A census had already been taken in the nation that excluded the Freedmen, so the three acted quickly and wisely and made their appeal in Washington to ensure benefits and inclusion of rights for the Freedmen. These rights would hold until the late 1970s when the nation would finally establish a modern apartheid rule eliminating people who had been a part of their nation for more than 180 years.  Cow Tom, Ketch Barnett, and Harry Island were followed to Washington by a faction of Lower Creeks who would argue against the integration of the Africans into the nation of their birth. The sentiment and fear were that the Africans would dilute the funds being directed to their nation.

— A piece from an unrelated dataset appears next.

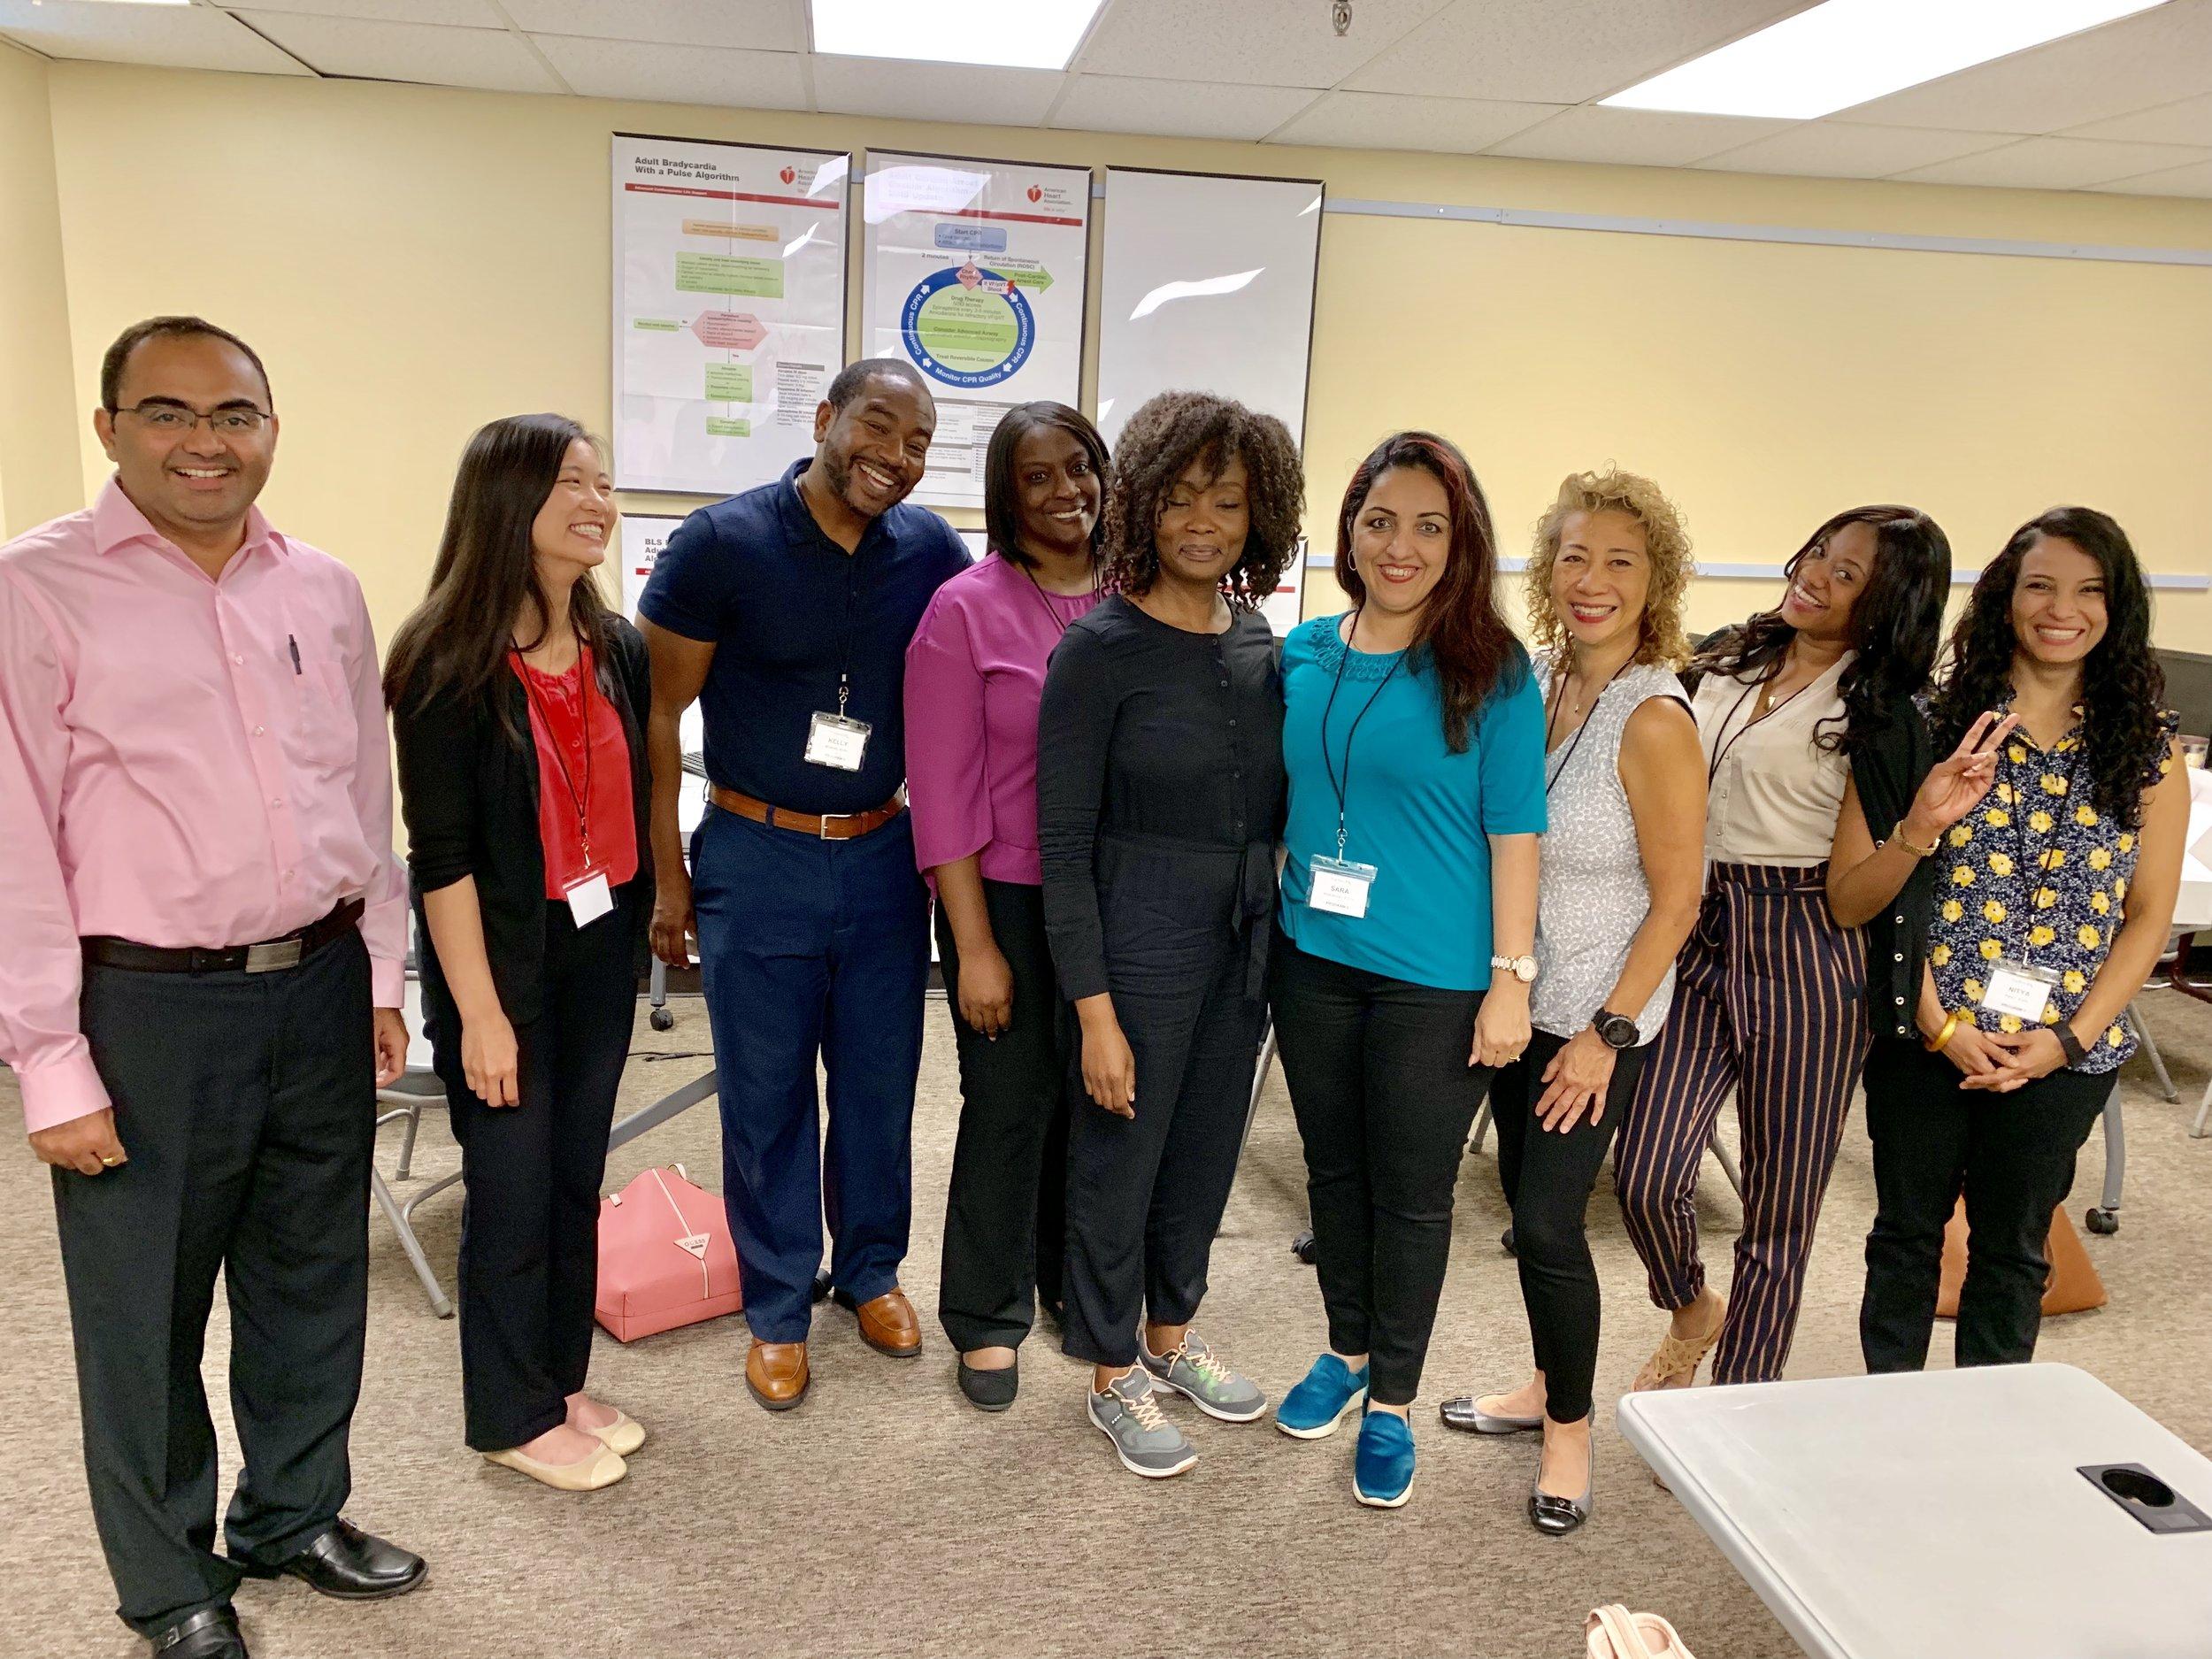 Hospital Pharmacy Prep Course Students - August 2019
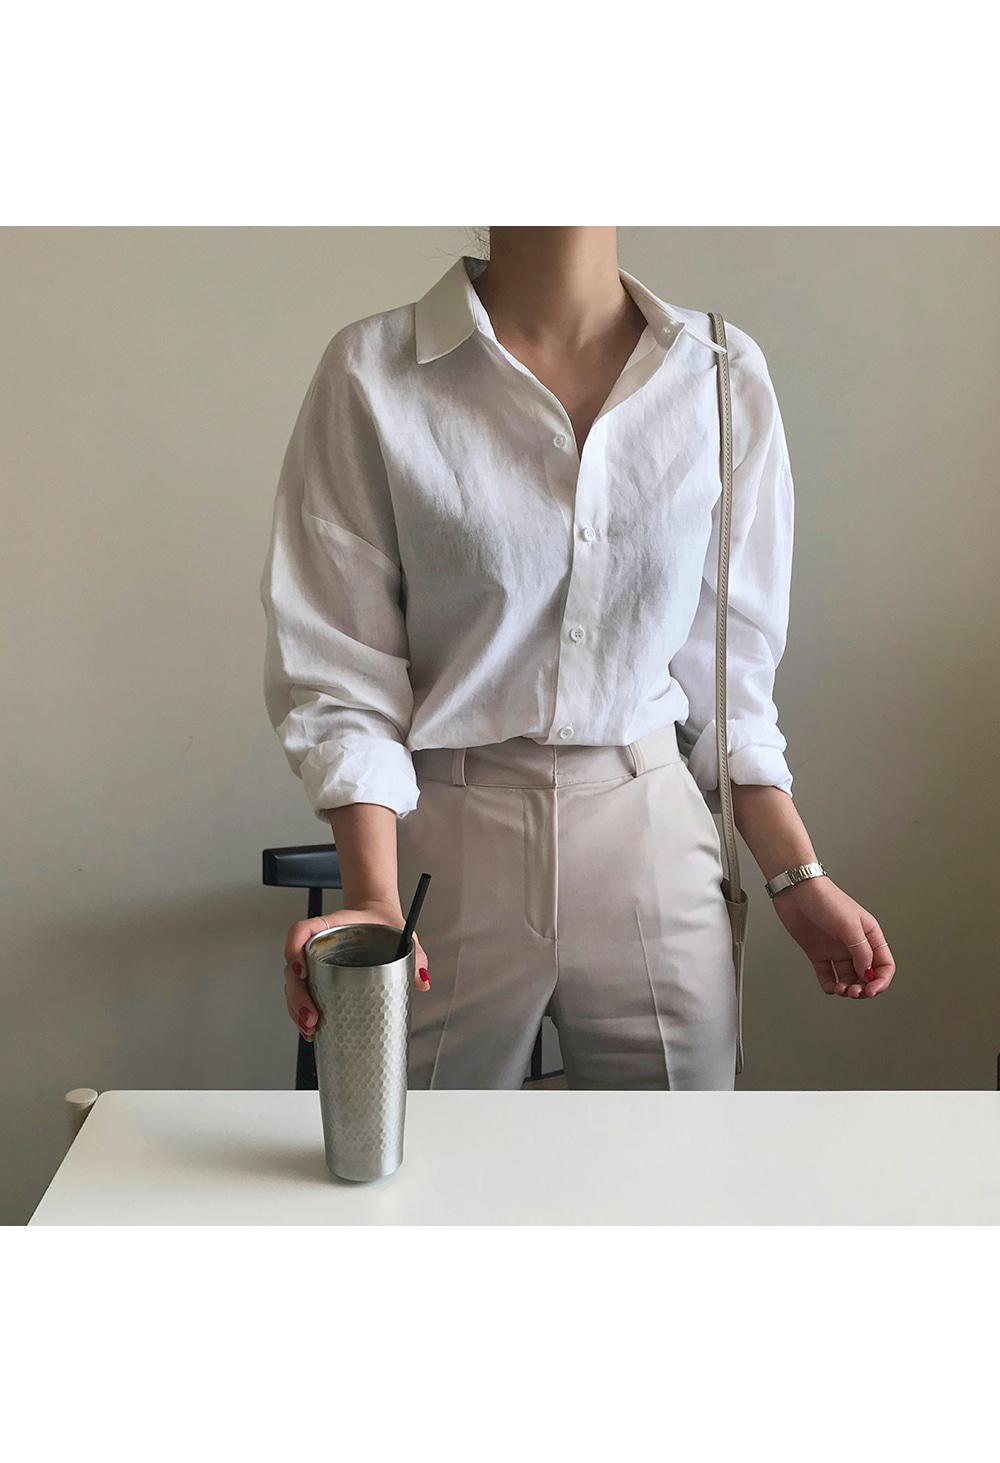 Boxy White Linen Shirt-holiholic.com

However, the Creek Freedmen received citizenship, land allotments, and status as citizens.  Cow Tom retired eventually to farm life and family life, and his cattle business. He became the patriarch and the ancestor of the Simmons Oil Family of Oklahoma. The Oil magnate Jake Simmons is the grandson of Cow Tom.  This powerful African Creek leader's legacy was carried on through his descendants' tenacity, intelligence, and insight.  The fastidiousness that many African in Oklahoma have developed has emerged from the spirit of Cow Tom that inspired many African Creek, African Cherokee, African Seminole, and African Choctaws to succeed.

Cow Tom, Sugar George, Harry Island, and many others created powerful legacies of human success, dignity, and pride.   The citizenry in the Indian Territory of the Oklahoma Black African Indians thrived due to the successes of Cow Tom, and much self-esteem was instilled into African Indian culture. Many have this spirit today, though the name Cow Tom has slipped away from household use.  Creek Nation history cannot be written without the name of Cow Tom. To do so is to negate the presence of the very man upon whom the leaders of the Muskogee Nation depended.

His name will be omitted in many circles because of his Black African ancestry. However, his presence in the nation was there, and for those seeking the entire story of Muskogee Creek history, Cow Tom's name must be there. To overlook his name will be a subscription to the prevailing Afri-phobia that dominates the nation that wrote out the Freedmen in 1979 to follow Jim Crow sentiments of 100 years ago.  Like his counterparts, Harry Island and Sugar George, Cow Tom epitomized the energy, spirit, and intelligence of the African leaders of the Muskogee Nation.  Cow Tom died in 1874. He and his wife Amy are buried in the Cain Creek cemetery.